Police say Internet cafes were a cover for illegal gambling operation

Computers confiscated in gambling bust

ROSEDALE, Md - Today was senior citizen's day at Hidden Treasures Internet Cafe.

If you got there by ten there was a free breakfast buffet.

Grits, eggs, toast and pancakes.

But now being served out in the parking lot because the guy who made it says he didn't want it to go to waste.

As folks watch the computers where they allegedly gambled nickels and dimes get carted away by police.

 "They had games about 20 games on the machine they gave you free soda and free chips they were very nice I didn't see any crooked stuff going on but I'm not an officer I just enjoyed myself there that's why I left my money in there so I could come back and play." A woman named Mary Jane tells ABC2News.

County police raided ten internet cafes scattered around the county;

Three cafe's in Woodlawn, Spin and Win on Liberty Road, Click and Spin on Woodlawn Drive and Wireless Cafe 2 on Baltimore National Pike.

One in Towson; Hot Spot Sweepstakes on Goucher Boulevard, about three miles from the Police Station.

Two in Essex; Wheel of Fortune on Carroll Island Road and 88 Sweepstakes on Beacon Road.    

One in Northpoint; The North Point Internet Cafe on North Point Road.

And Three in White marsh,  Fun Spot Cafe on East Joppa Road, Big Dawgs Calling Cards on Kenwood Avenue and perhaps the largest place Hidden Treasures on Philadelphia Road.     

This is the place that patrons called the Taj Mahal.

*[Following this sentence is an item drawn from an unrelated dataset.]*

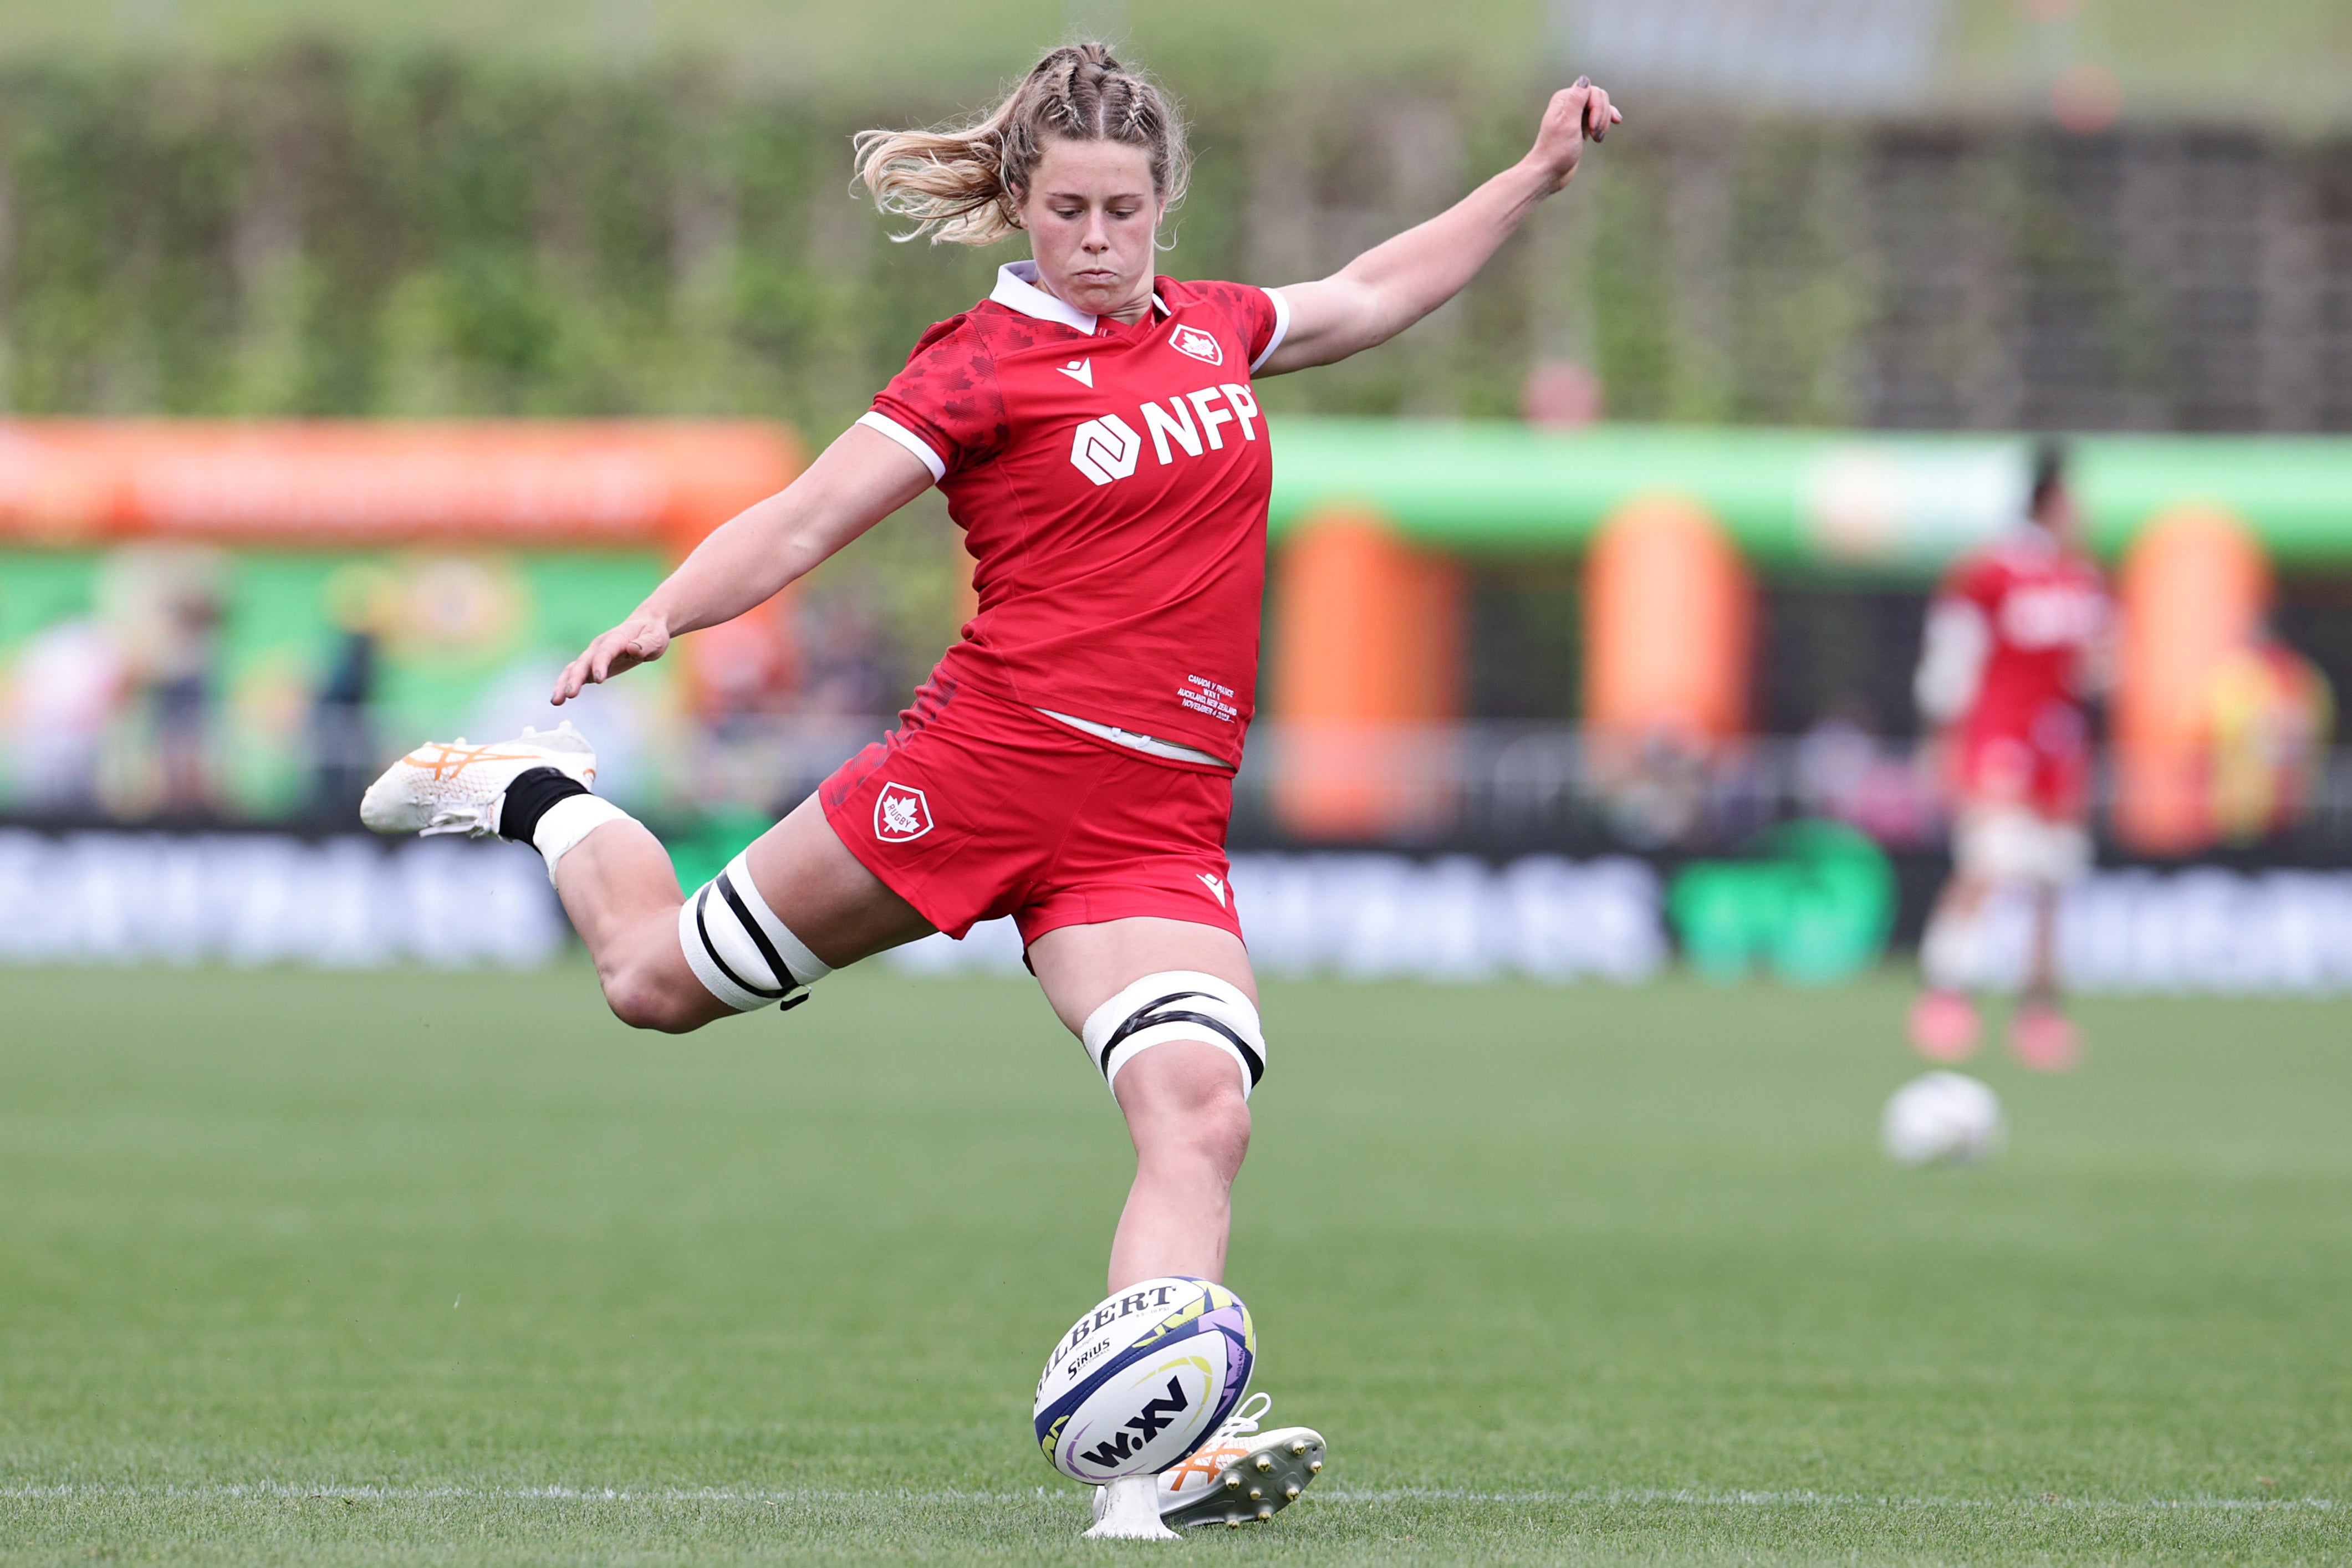 Canada captain Sophie de Goede is one of the world’s best players
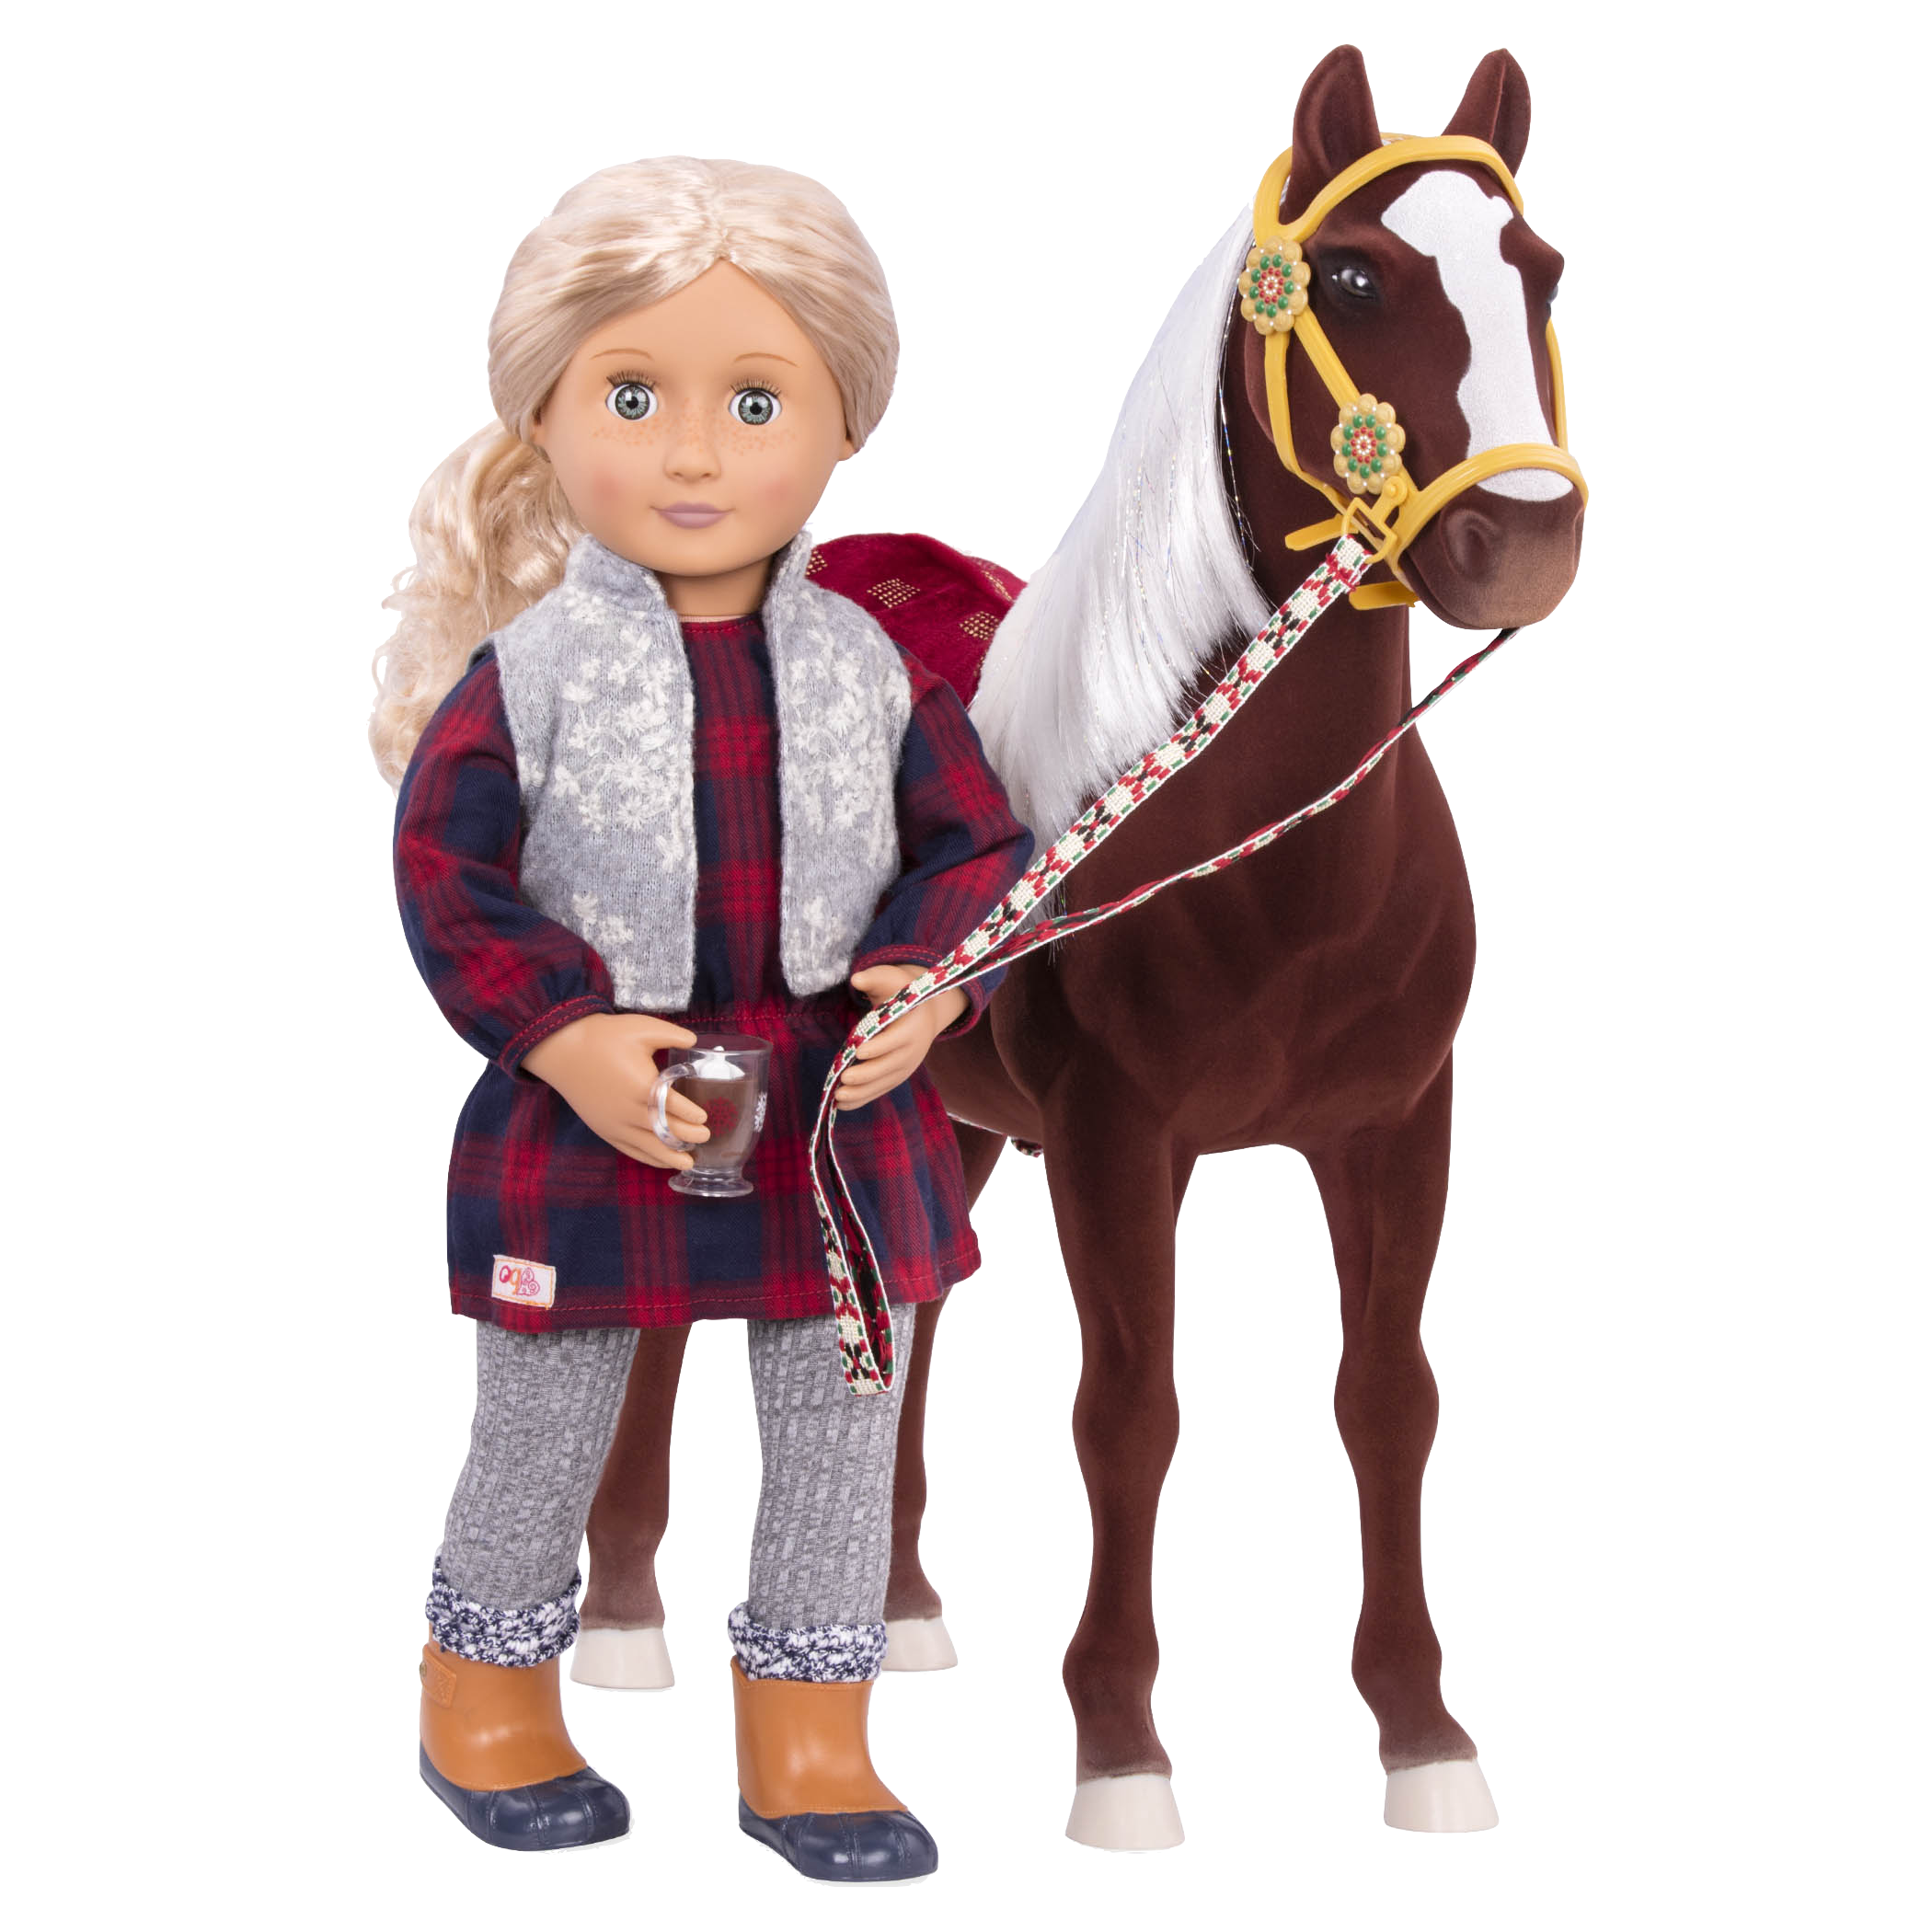 Coral and Winter Wonder horse wearing cocoa cozy outfit

"They created this environment for the seniors and a lot of folks to come in folks who are retired can come in spend a few hours you don't lose any big money unless you want to some of these folks are regulars they're here every day spending the day here." Al who gambled at the Hidden Treasures site says.

Officers seized hundreds of computers, monitors, safes, camera equipment, and thousands in cash.

They gave out few details about the raid but it culminates a year's investigation into the cafes around the county.

It worked this way; patrons would buy minutes on the computer and go to internet websites that featured slot machine like games.

Sources say if a patron hit a jackpot, they were given minutes they could cash out, debit cards or other rewards could be turned into cash.

Scott Brown worked in in the Hot Spot Sweepstakes on Goucher Boulevard.

He says the place was an internet cafe and nothing more.

He says the county even licensed it.

"They went and got all the licenses and permits and they even went to the county and asked what kind of permits they needed and got them and then this happens." Brown says.

County police say they have not charged anyone yet because they're still processing evidence.